Но кто же эти среди нас злые люди, от насилия и нападения которых спасает нас государство и его войско? Если три, четыре века тому назад, когда люди гордились своим военным искусством, вооружением, когда убивать людей считалось доблестью, были такие люди, то ведь теперь таких людей нет, а все люди нашего времени не употребляют и не носят оружия, и все, исповедуя правила человеколюбия, сострадания к ближним, желают того же, что и мы, – только возможности спокойной и мирной жизни. Так что теперь уже нет особенных насильников, от которых государство могло защищать нас.
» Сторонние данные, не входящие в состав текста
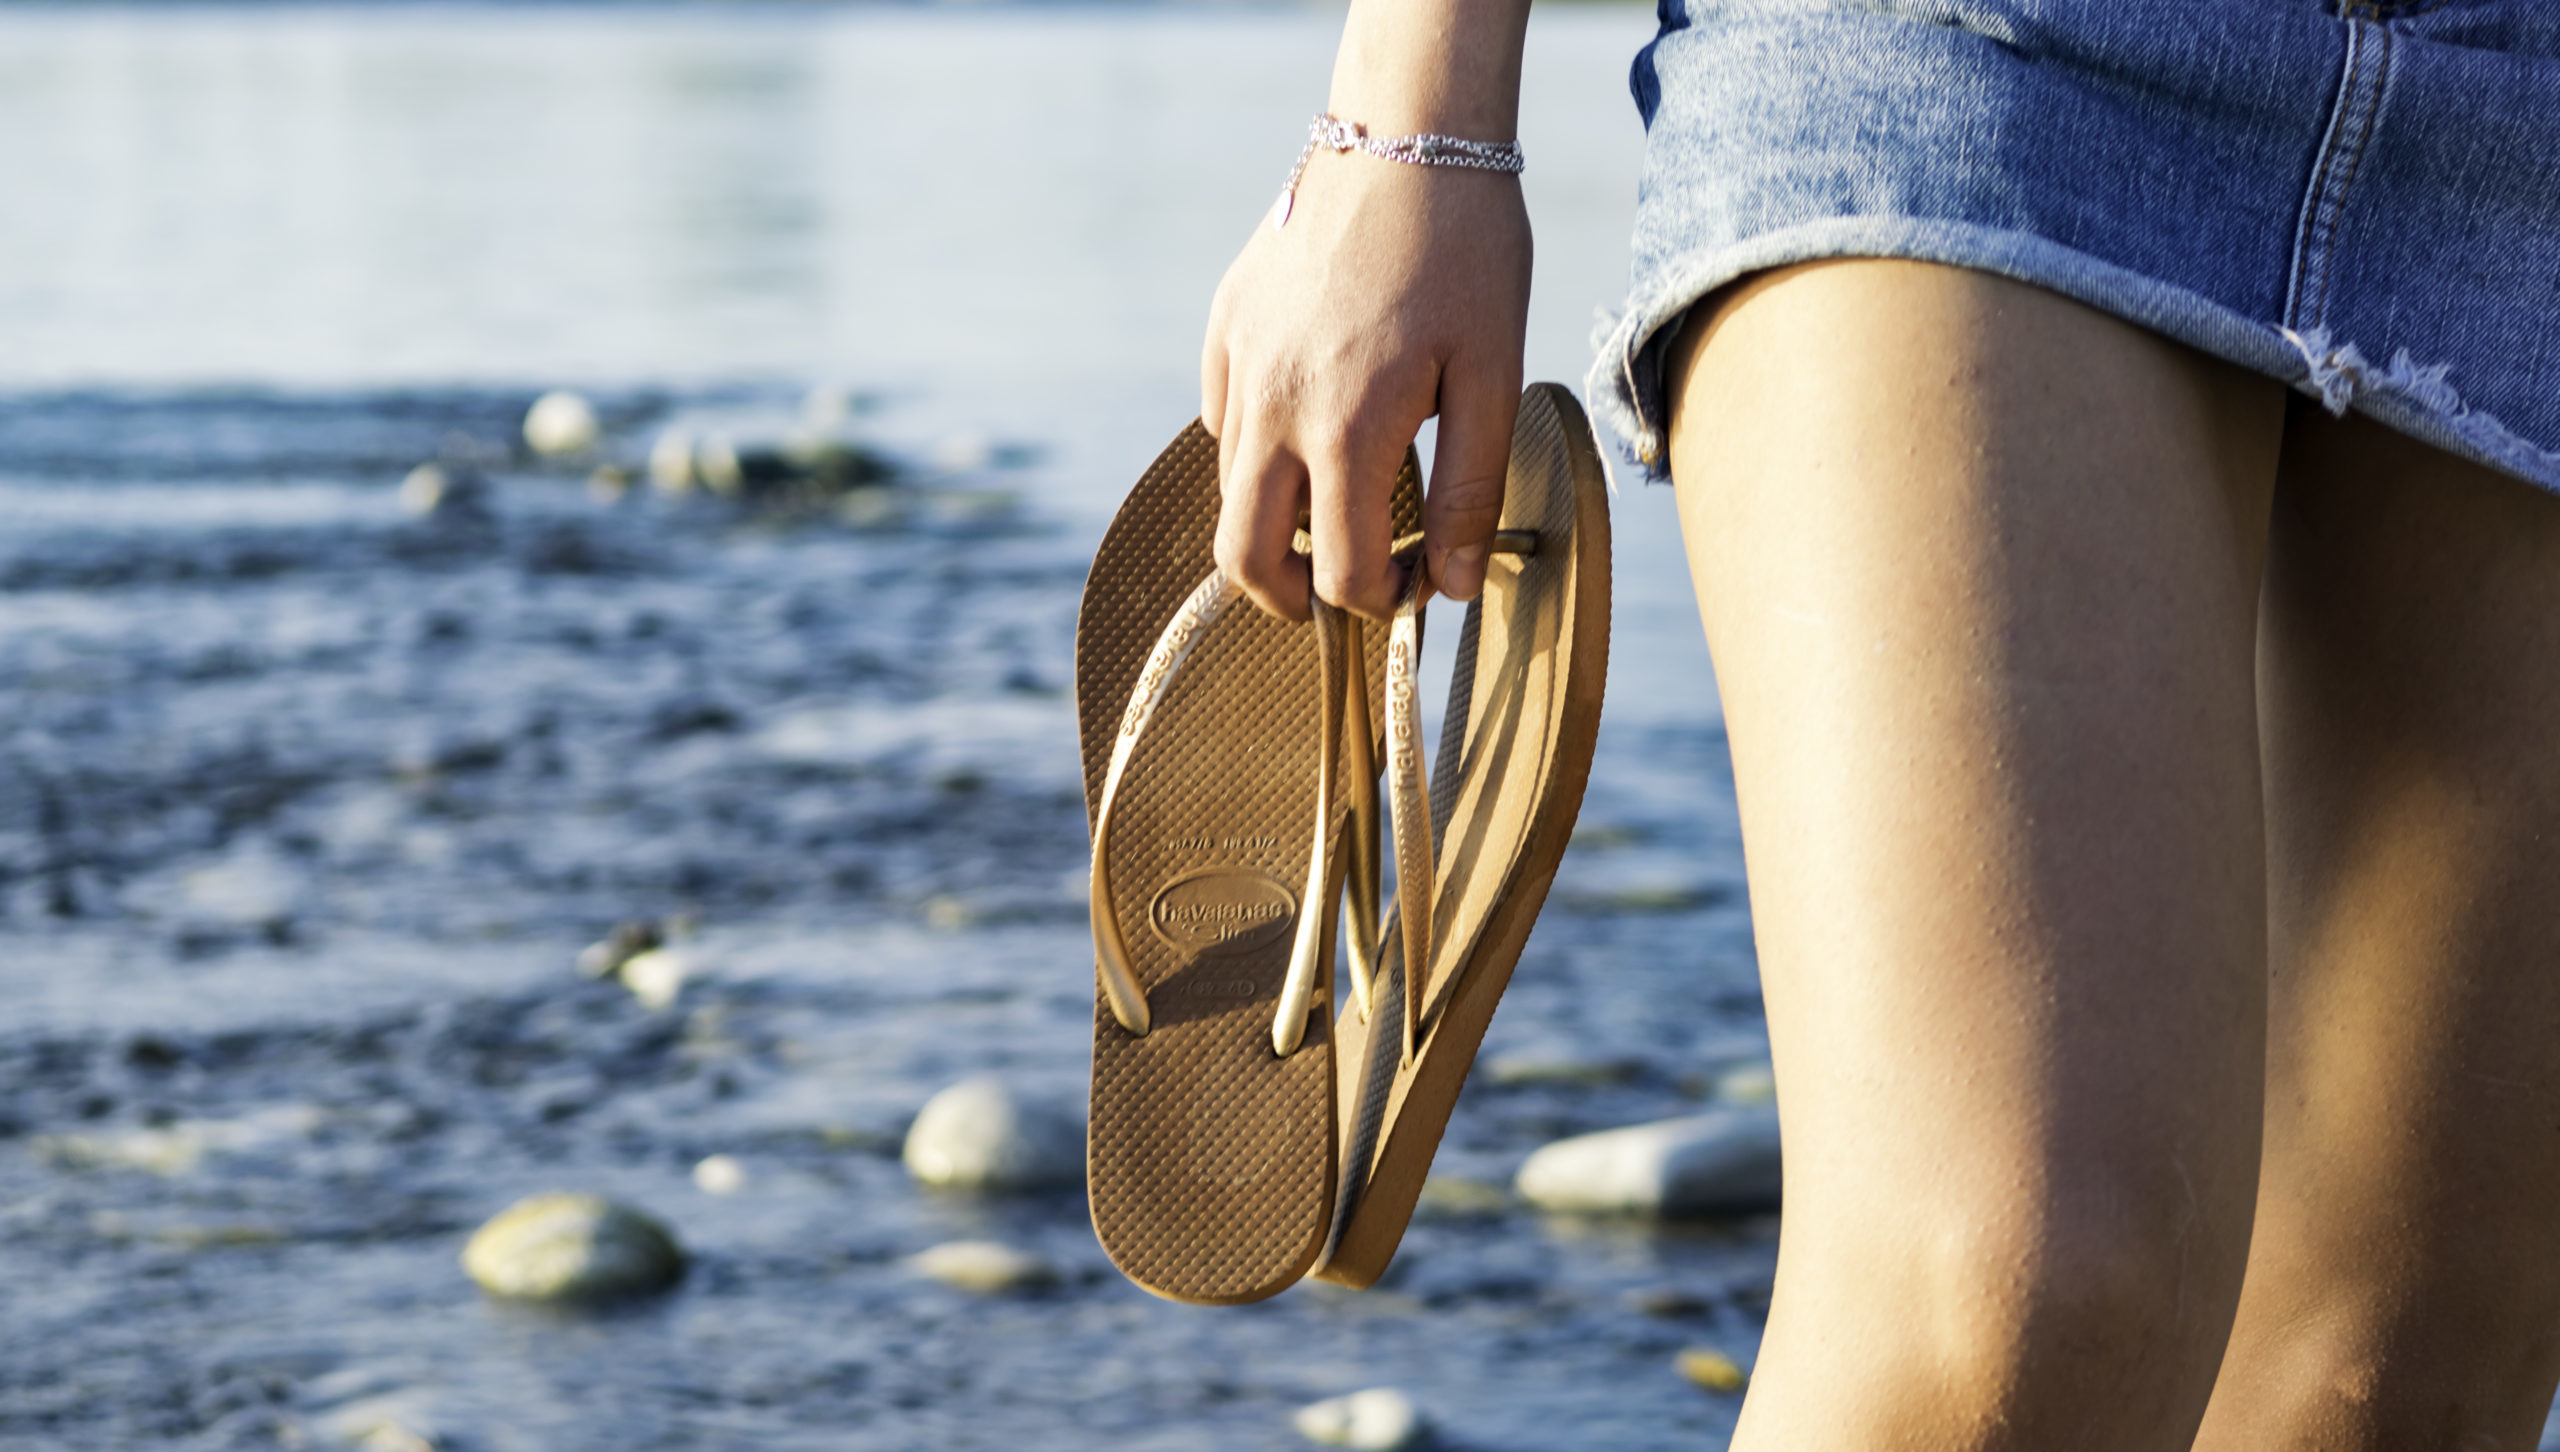 Woman holding flip flops on beach

Если же под людьми, от нападения которых спасает нас государство, разуметь тех людей, которые совершают преступления, то мы знаем, что это не суть особенные существа, вроде хищных зверей между овец, а суть такие же люди, как и все мы, и точно так же не любящие совершать преступления, как и те, против которых они их совершают. Мы знаем теперь, что угрозы и наказания не могут уменьшить количества таких людей, а уменьшает его только изменение среды и нравственное воздействие на людей. Так что объяснение необходимости государственного насилия ограждением людей от насильников, если и имело основание три, четыре века тому назад, теперь не имеет никакого. Теперь скорее можно сказать обратное: именно то, что деятельность правительств с своими, отставшими от общего уровня нравственности, жестокими приемами наказаний, тюрьм, каторг, виселиц, гильотин скорее содействует огрубению народов, чем смягчению их, и потому скорее увеличению, чем уменьшению числа насильников.
«Без государства, – говорят еще, – не было бы всех тех учреждений воспитательных, образовательных, религиозных, путесообщительных и других. Без государства люди не умели бы учредить общественных нужных для всех дел». Но этот довод мог иметь основание тоже только несколько веков тому назад.
Если было время, когда люди были так разобщены между собою, так мало были выработаны средства сближения и передачи мыслей, что они не могли сговориться и согласиться ни в каком общем ни торговом, ни экономическом, ни образовательном деле без государственного центра, то теперь уже нет этой разобщенности. Широко развившиеся средства общения и передачи мыслей сделали то, что для образования обществ, собраний, корпораций, конгрессов, ученых, экономических, политических учреждений люди нашего времени не только вполне могут обходиться без правительств, но что правительства в большей части случаев скорее мешают, чем содействуют достижению этих целей.
С конца прошлого столетия едва ли не всякий шаг вперед человечества не только не поощрялся, но всегда задерживался правительством. Так это было с уничтожением телесного наказания, пыток, рабства, с установлением свободы печати и собраний. В наше же время государственная власть и правительства не только не содействуют, но прямо препятствуют всей той деятельности, посредством которой люди вырабатывают себе новые формы жизни. Решения вопросов рабочего, земельного, политического, религиозного не только не поощряются, но прямо задерживаются государственною властью.
«Без государства и правительства народы были бы порабощаемы соседями».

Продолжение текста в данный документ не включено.